Assembler
The assembler is the last stage of compile. It takes the optimised
flow graph and produces a PyCodeObject ready to be cached or
executed.
Source map
| File | Role |
|---|---|
Python/assemble.c | The assembler. |
Objects/codeobject.c | PyCodeObject allocation and slots. |
Include/cpython/code.h | Public-internal PyCodeObject definition. |
Include/internal/pycore_code.h | Inline-cache layouts, magic numbers. |
Stage 1: jump resolution
Each block has a list of instructions; each jump has a block
pointer as its target. The assembler walks the blocks in
emit-order, assigning each instruction a byte offset (each
instruction is two bytes, plus two bytes for each inline cache
entry, plus two bytes for each EXTENDED_ARG prefix needed to fit
its operand).
After every offset is known, the assembler rewrites jump operands
to byte distances. JUMP_FORWARD, JUMP_BACKWARD, the
POP_JUMP_IF_* family, and FOR_ITER use relative offsets.
SEND and RESUME use absolute offsets within the code object.
If a jump's signed displacement does not fit in an 8-bit operand,
the assembler inserts an EXTENDED_ARG prefix and retries the
layout. Because inserting bytes shifts every following offset,
this is iterated to a fixed point.
Stage 2: location table
co_linetable is encoded in the PEP 657 compact format. Each
entry is one byte of varint header plus zero or more varint
deltas. The header byte's high bit marks short vs long encoding;
the next 3 bits are the form code (no column, one-byte column,
two-byte column, "no location at all", etc.); the bottom 4 bits
hold the byte-code length covered by this entry.
The compact format keeps the table small: a typical entry costs one byte per instruction, with column information in two or three bytes per change. Trace tooling decodes the table by walking it linearly and accumulating the line and column deltas.
Stage 3: exception table
co_exceptiontable is also varint-encoded. Each entry packs:
- The byte offset where the protected region starts (varint).
- The length of the region (varint).
- The byte offset to jump to on exception (varint).
- A composite "depth + lasti" byte that holds the stack depth to unwind to plus a flag indicating whether the table-installed exception should be pushed back onto the stack.
The eval loop binary-searches this table on every exception raised inside the code object's body.
Stage 4: pools
The code object carries several parallel pools, each a tuple indexed by oparg:
| Pool | Holds |
|---|---|
co_consts | Compile-time constants.
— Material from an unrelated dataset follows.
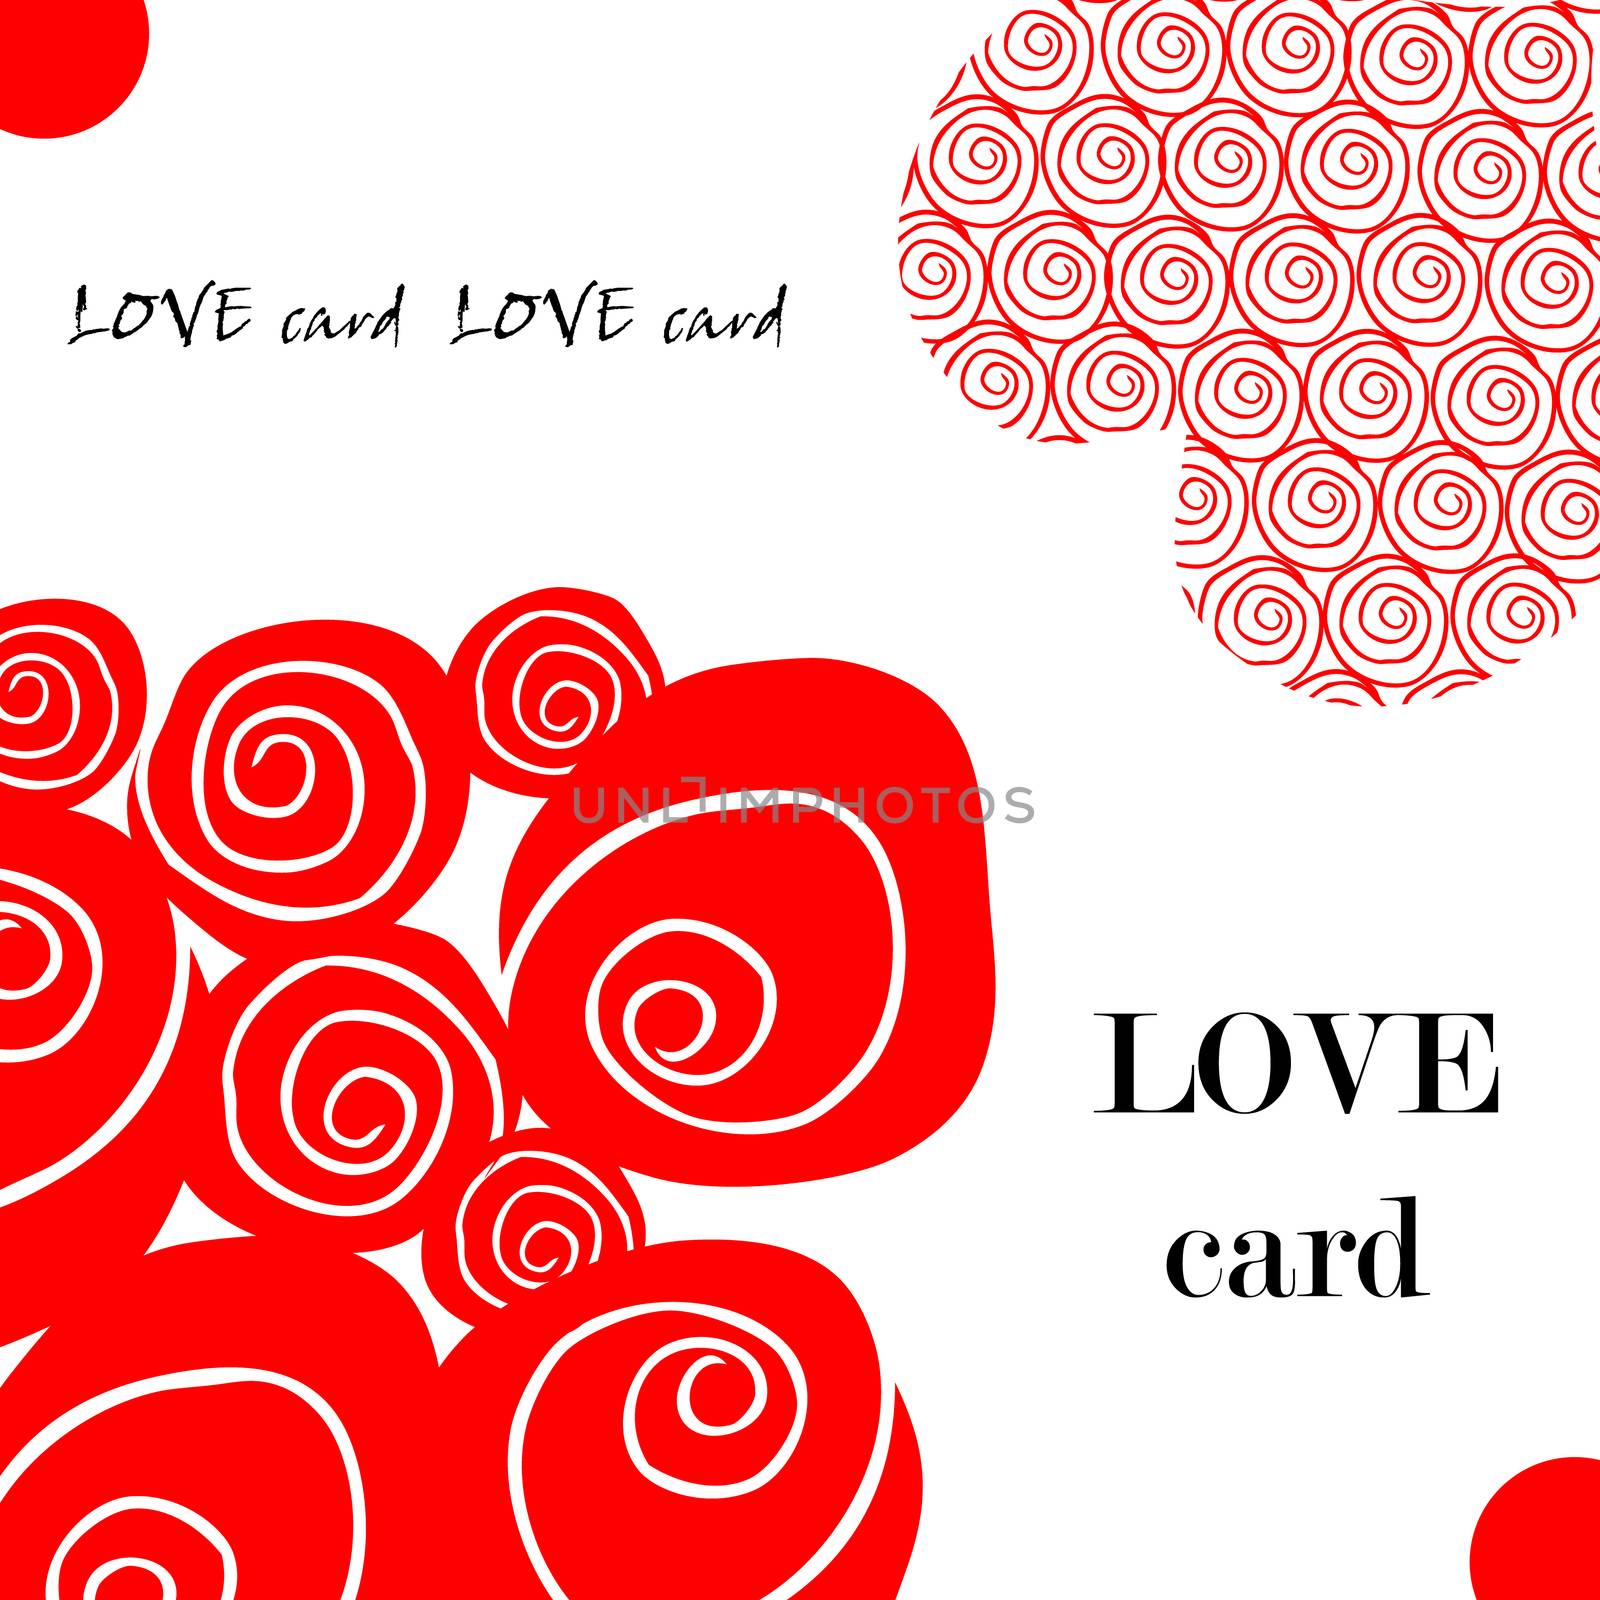 Love fake paper card, heart, flower, valentin's day

Includes nested code objects. |
co_names | Names used by name-lookup opcodes (LOAD_GLOBAL, LOAD_ATTR, ...). |
co_varnames | Local variable names, indexed by LOAD_FAST. |
co_cellvars | Cell variable names (locals captured by inner scopes). |
co_freevars | Free variable names (locals captured from enclosing scopes). |
Cell variables and free variables share the slot space of the
fast locals: co_nlocalsplus = nlocals + ncellvars + nfreevars,
and LOAD_DEREF / STORE_DEREF operate on that combined space.
Stage 5: emit the PyCodeObject
_PyCode_New allocates the code object and copies in:
co_code-- the bytecode bytes as abytesobject.- The pools.
co_argcount,co_kwonlyargcount,co_posonlyargcount.co_stacksizefrom the flow-graph pass.co_flags(generator, coroutine, async generator, varargs, etc.).co_firstlineno,co_linetable,co_exceptiontable.co_filename,co_name,co_qualname.
co_code is immutable after this point. The eval loop reads from
it directly; the specializer rewrites it in place once warm.
Magic numbers
The .pyc magic number lives in Include/internal/pycore_magic_number.h.
It changes whenever the on-disk format of a code object's
serialisation changes, which forces a recompile of all .pyc
files. The number is bumped per release.
Reading order
The output PyCodeObject is the input to the VM.